Below are the entries. Transcribe exactly the lines from the one with "Представяне на новата" through the one with "図表1 年齢層別の免許人口当", ends included, and leave out all others.

*** Opening of DATA FOR ANALYSIS ***

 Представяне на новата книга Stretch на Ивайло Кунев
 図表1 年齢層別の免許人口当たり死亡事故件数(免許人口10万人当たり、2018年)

*** Close of DATA FOR ANALYSIS ***
*** Opening of DATA FOR ANALYSIS ***

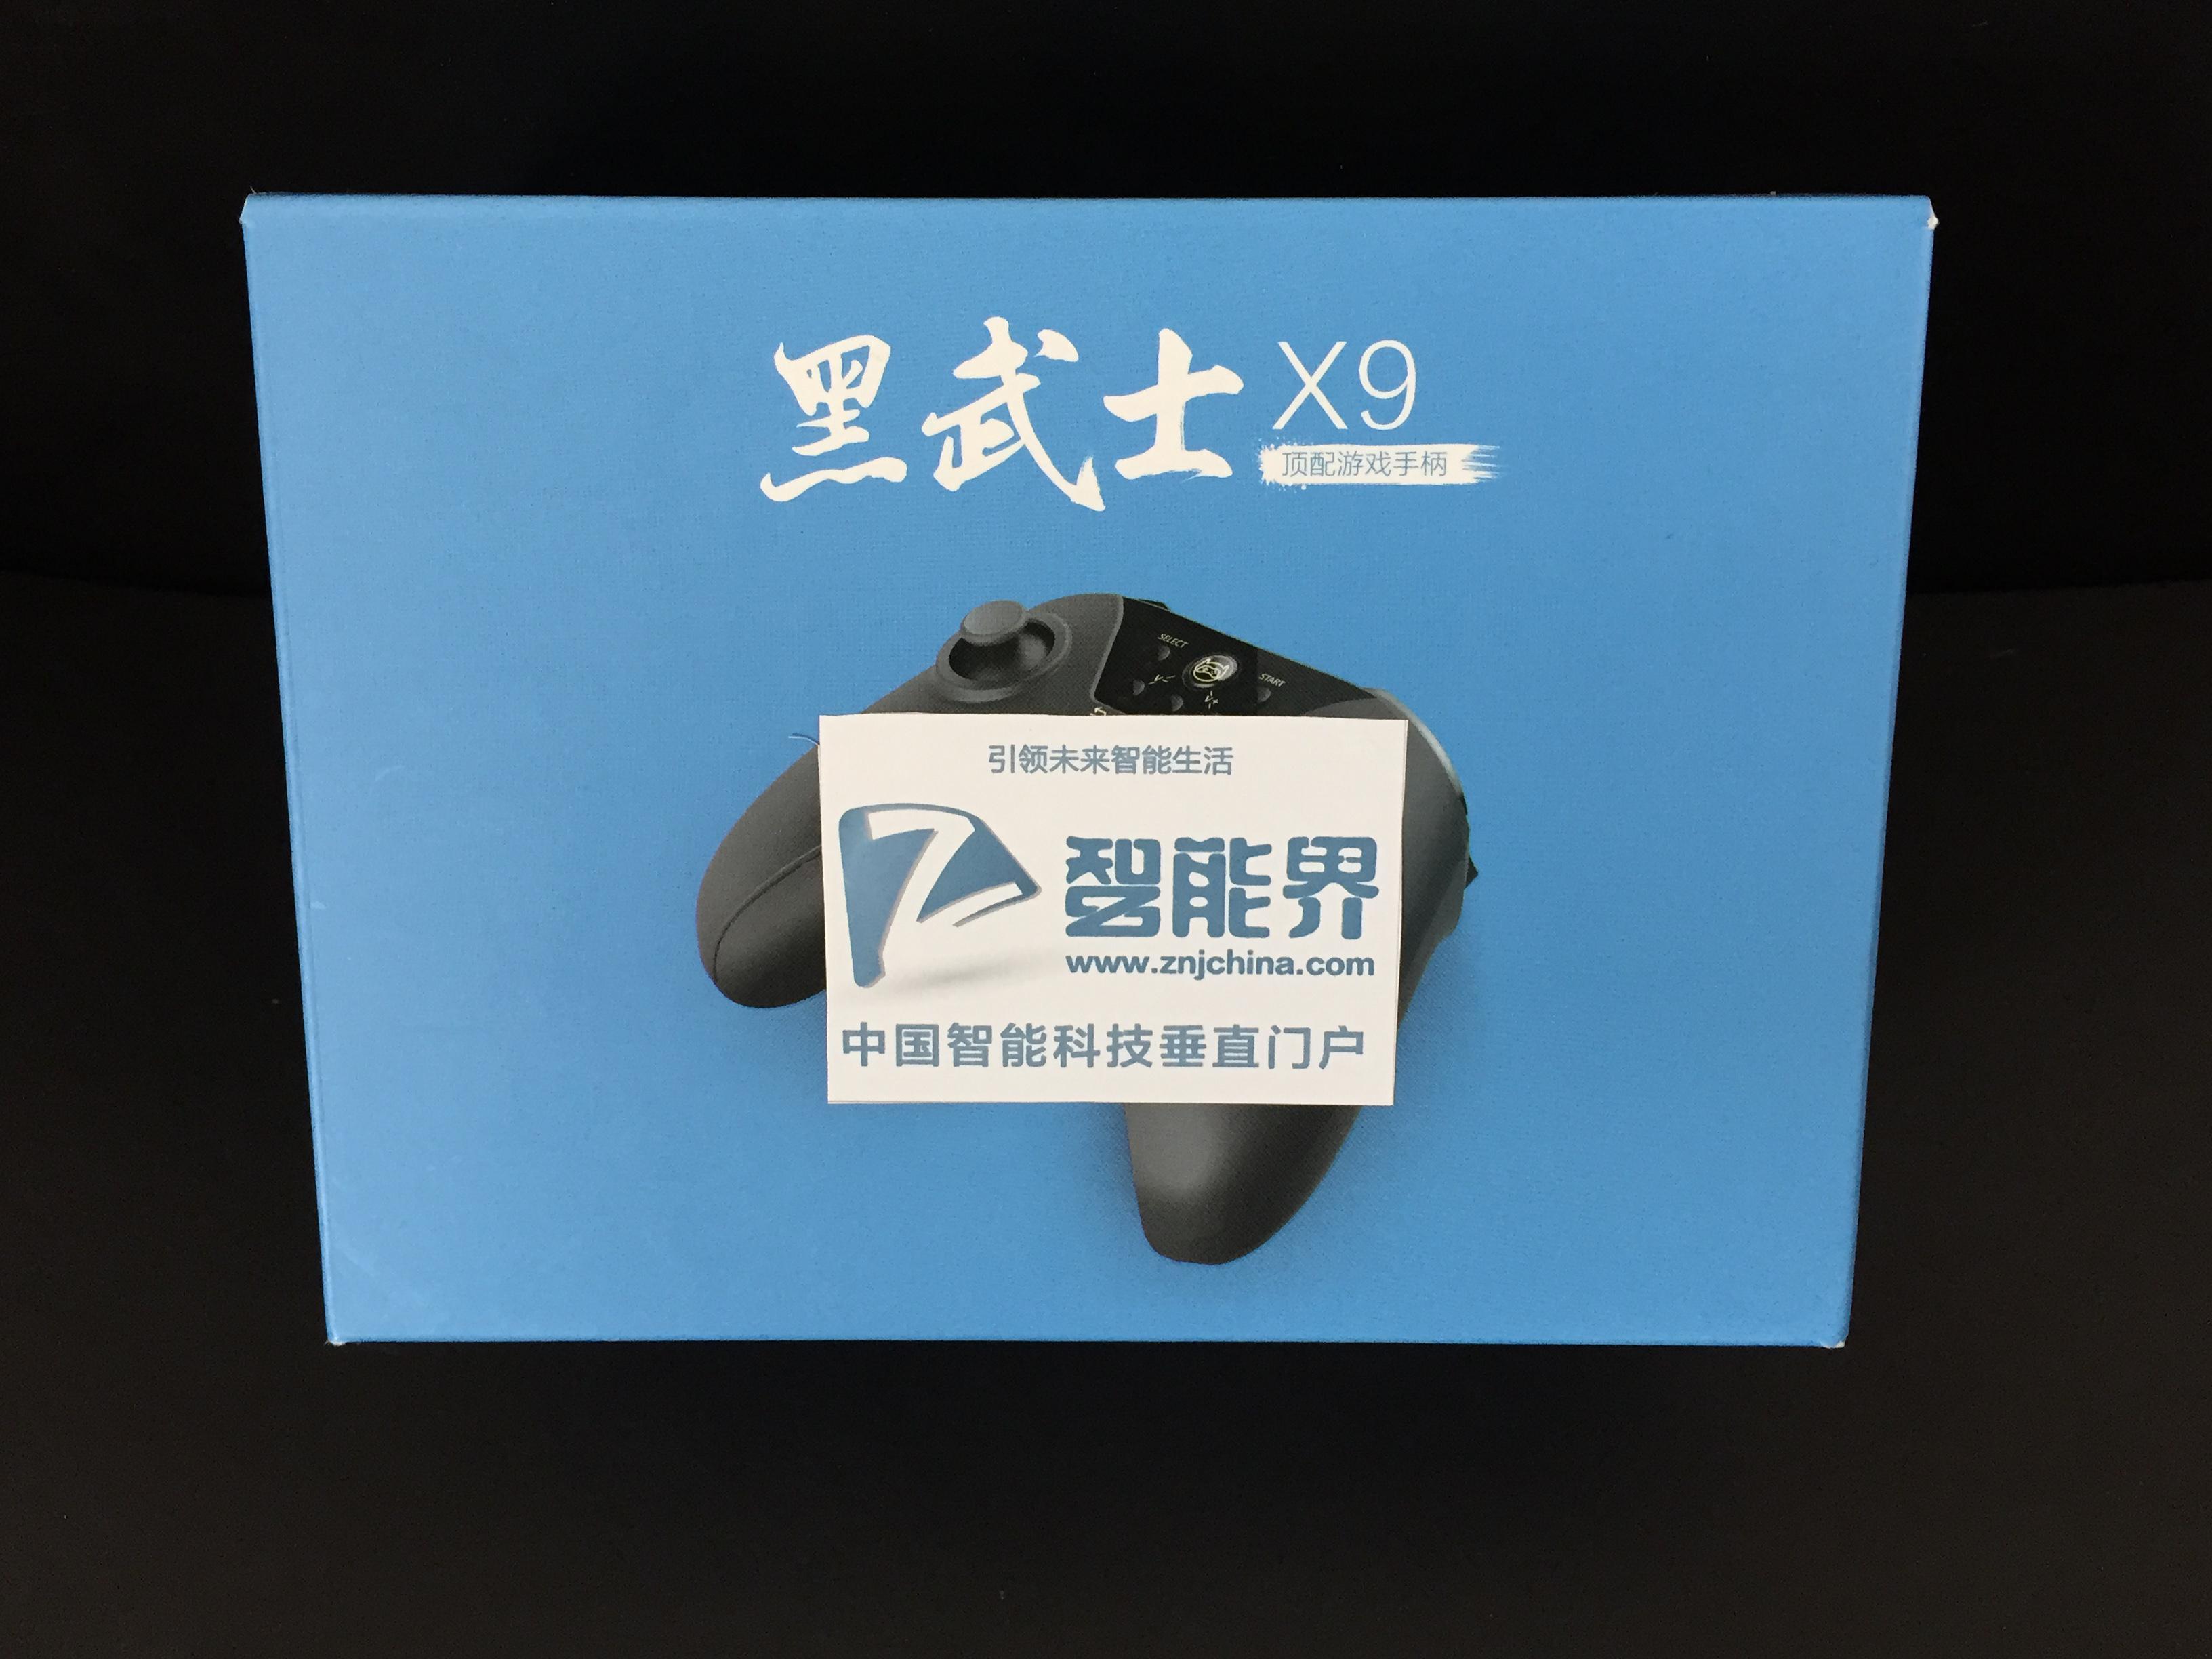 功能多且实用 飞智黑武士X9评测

*** Close of DATA FOR ANALYSIS ***

■ RESULT OF THIS EXERCISE
 Представяне на новата книга Stretch на Ивайло Кунев
 図表1 年齢層別の免許人口当たり死亡事故件数(免許人口10万人当たり、2018年)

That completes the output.